| WORK INSTRUCTIONS |
Begin at the line that holds "kalhoty pánské 3RDAND56th" and copy each line exactly until the data below ends, including that last line but no pictures.

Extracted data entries
_ _ _ _ _ _ _

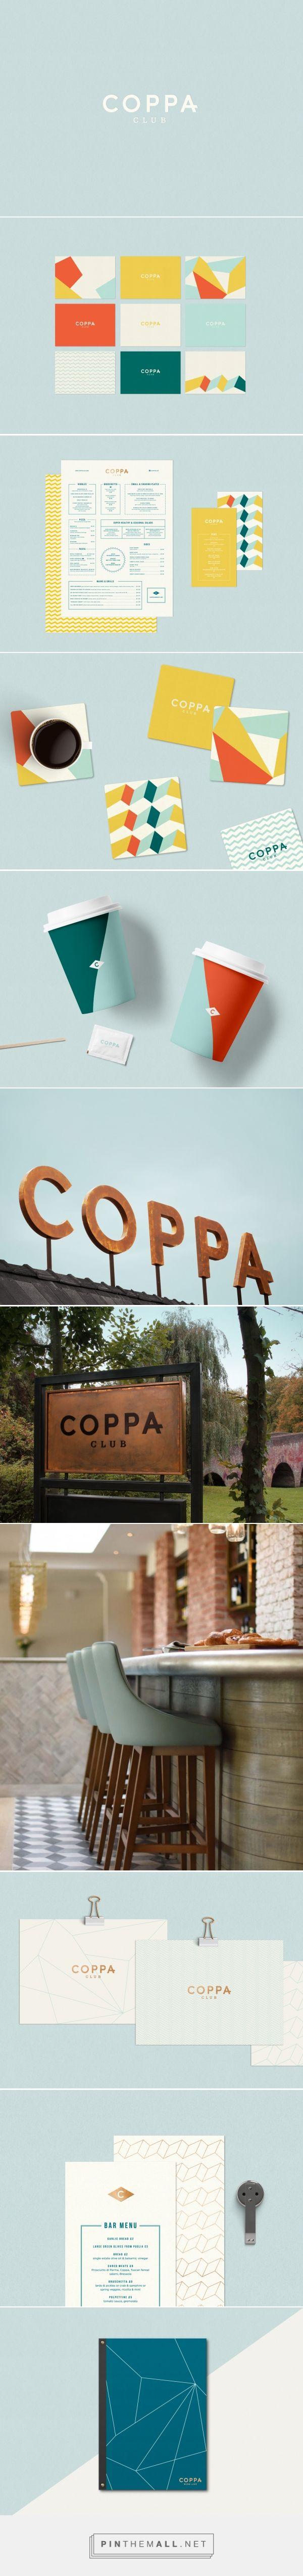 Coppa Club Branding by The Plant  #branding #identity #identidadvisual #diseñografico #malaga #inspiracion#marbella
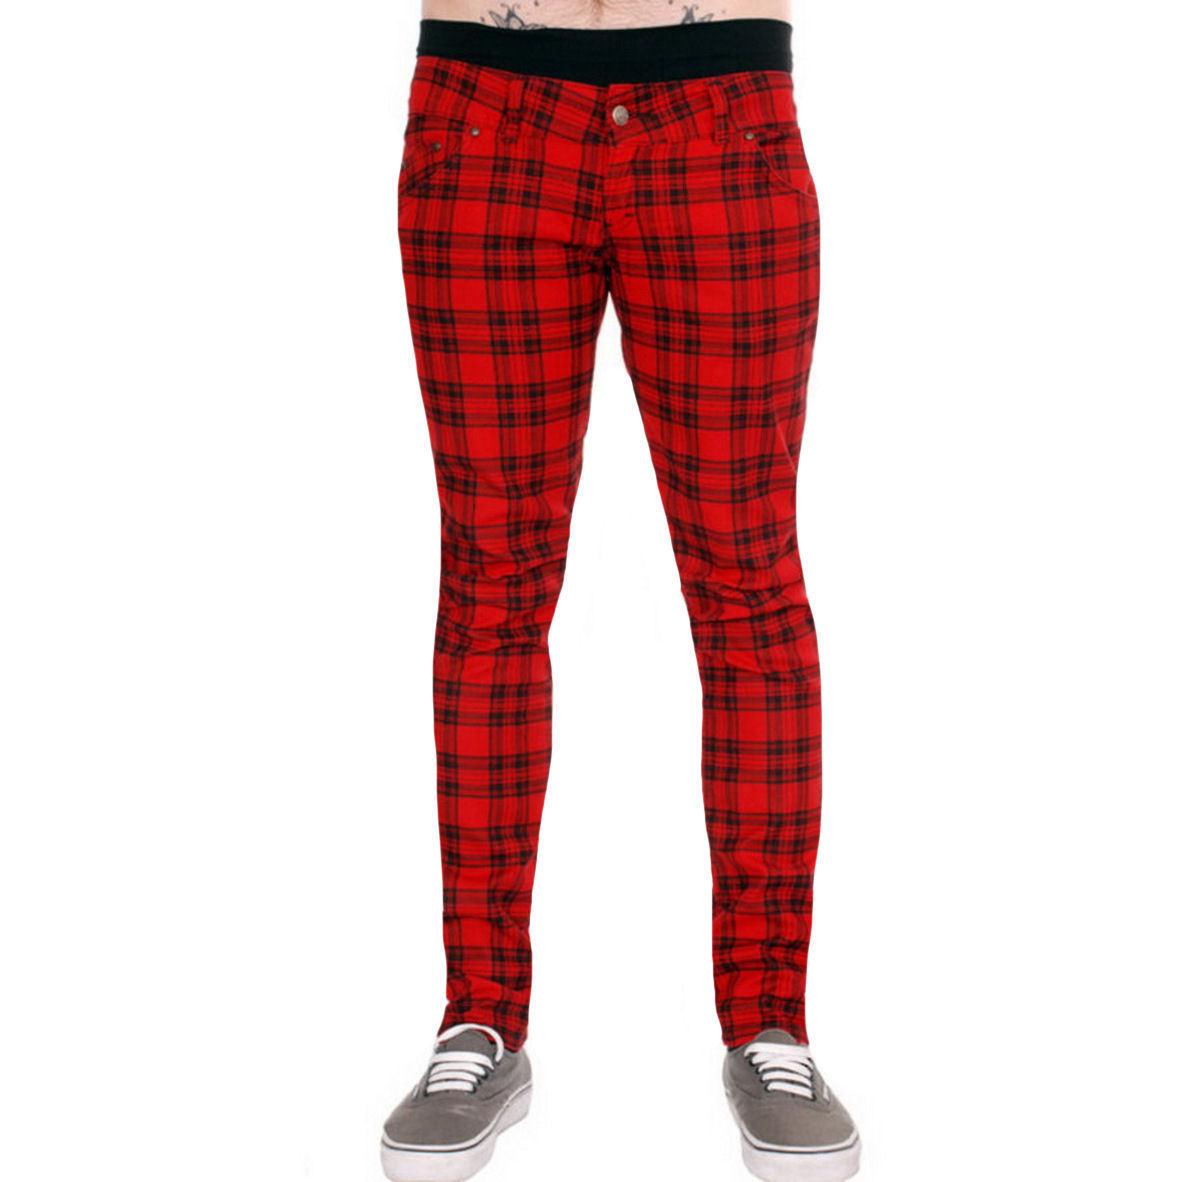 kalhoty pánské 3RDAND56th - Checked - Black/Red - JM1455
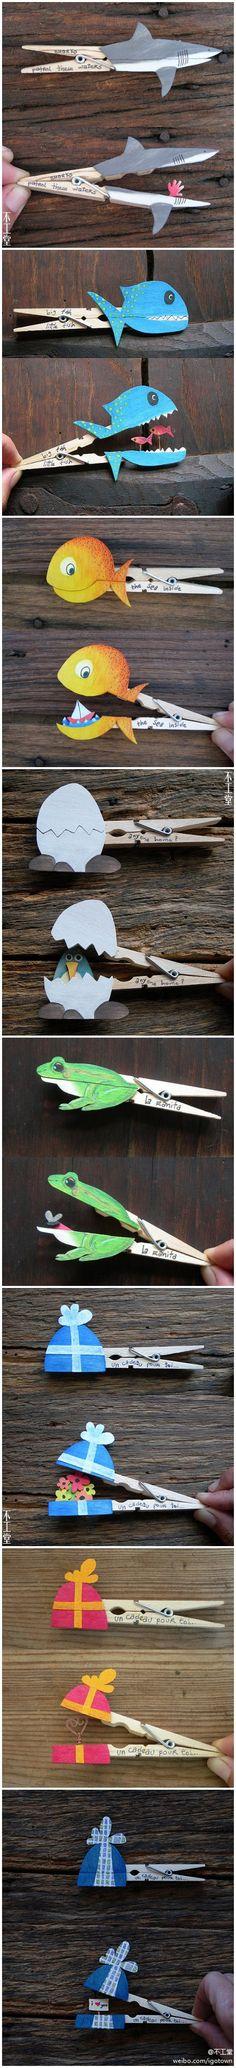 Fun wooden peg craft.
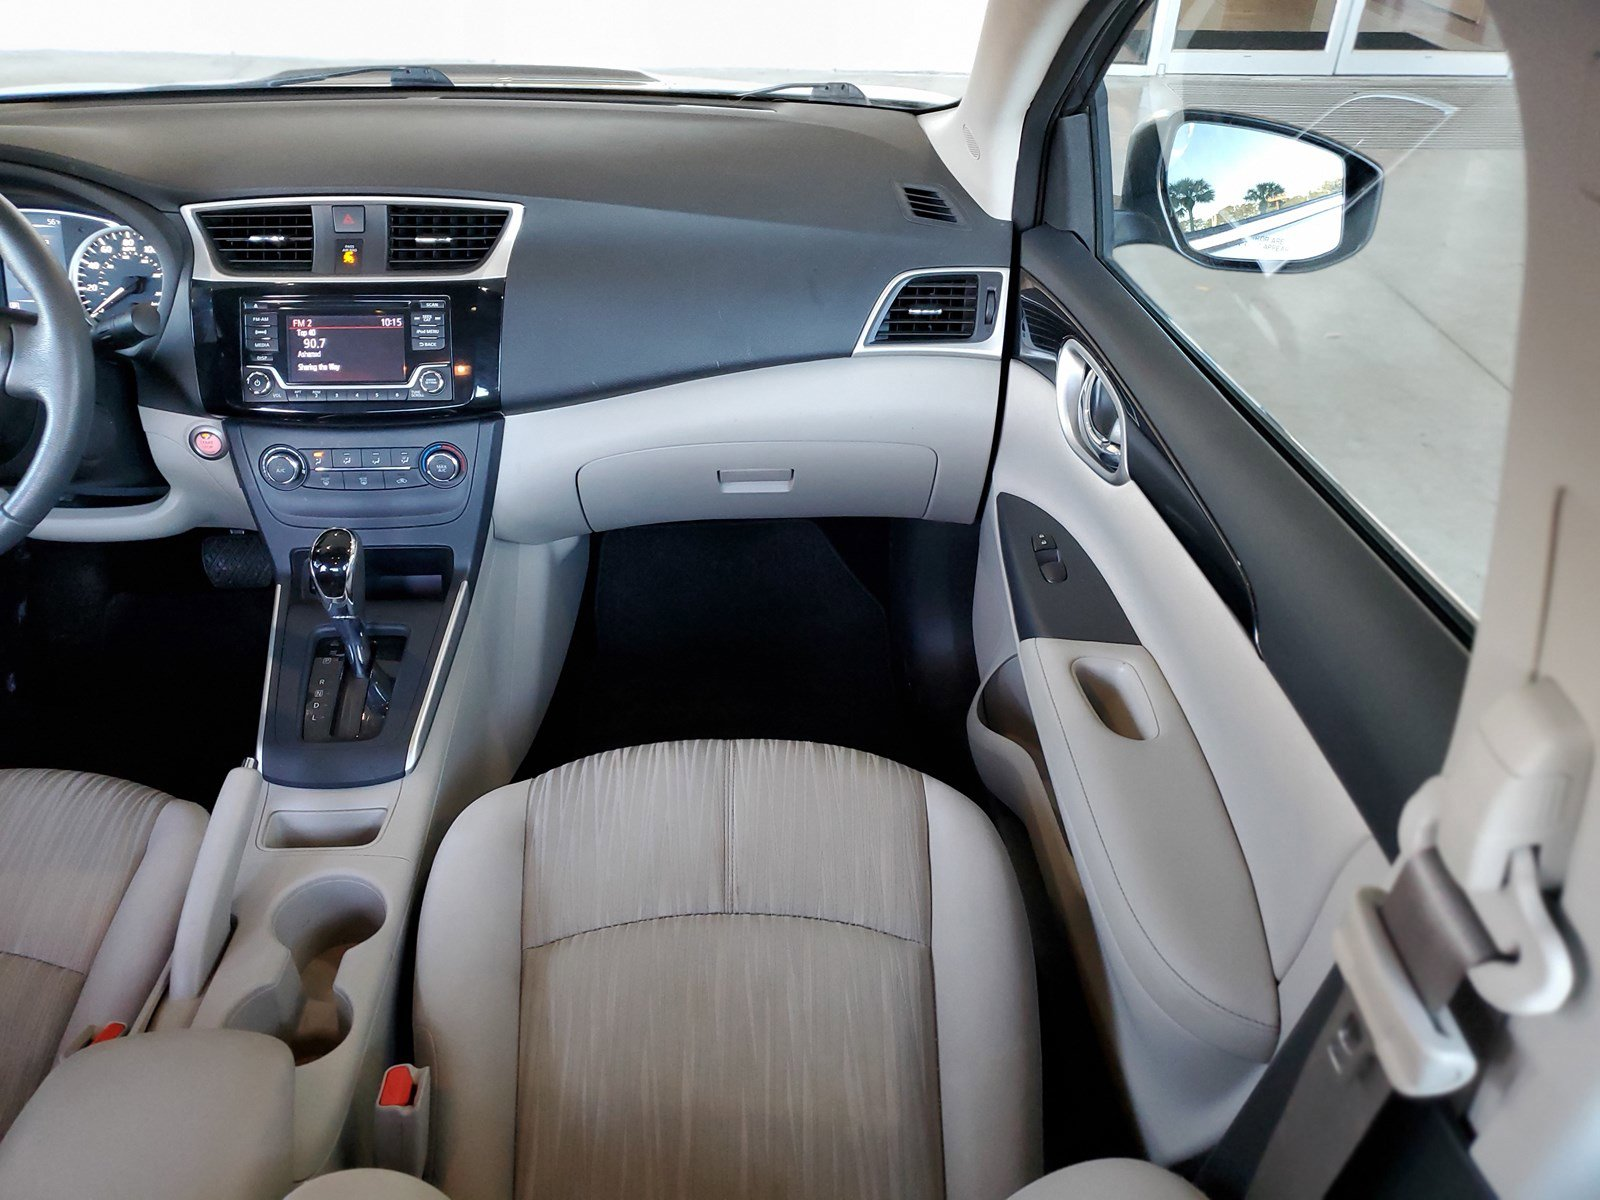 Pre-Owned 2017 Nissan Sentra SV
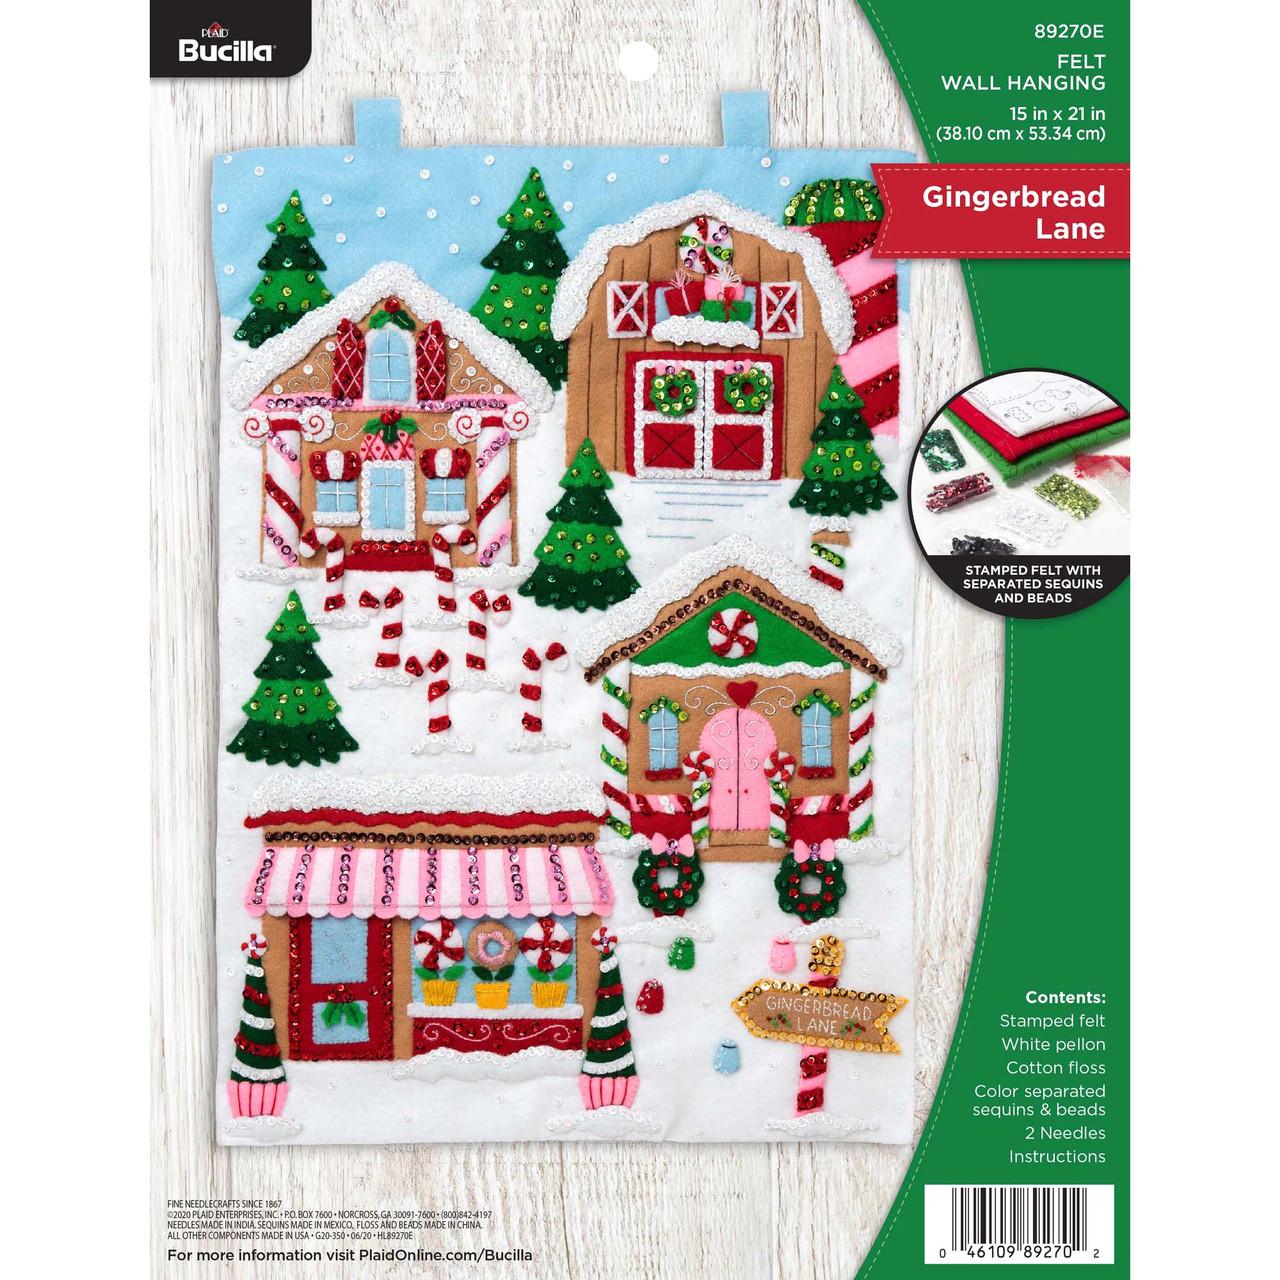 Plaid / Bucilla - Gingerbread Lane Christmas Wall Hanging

_ _ _ _ _ _ _

| ANSWER SECTION |
 kalhoty pánské 3RDAND56th - Checked - Black/Red - JM1455
 Fun wooden peg craft.
 Pre-Owned 2017 Nissan Sentra SV
 Plaid / Bucilla - Gingerbread Lane Christmas Wall Hanging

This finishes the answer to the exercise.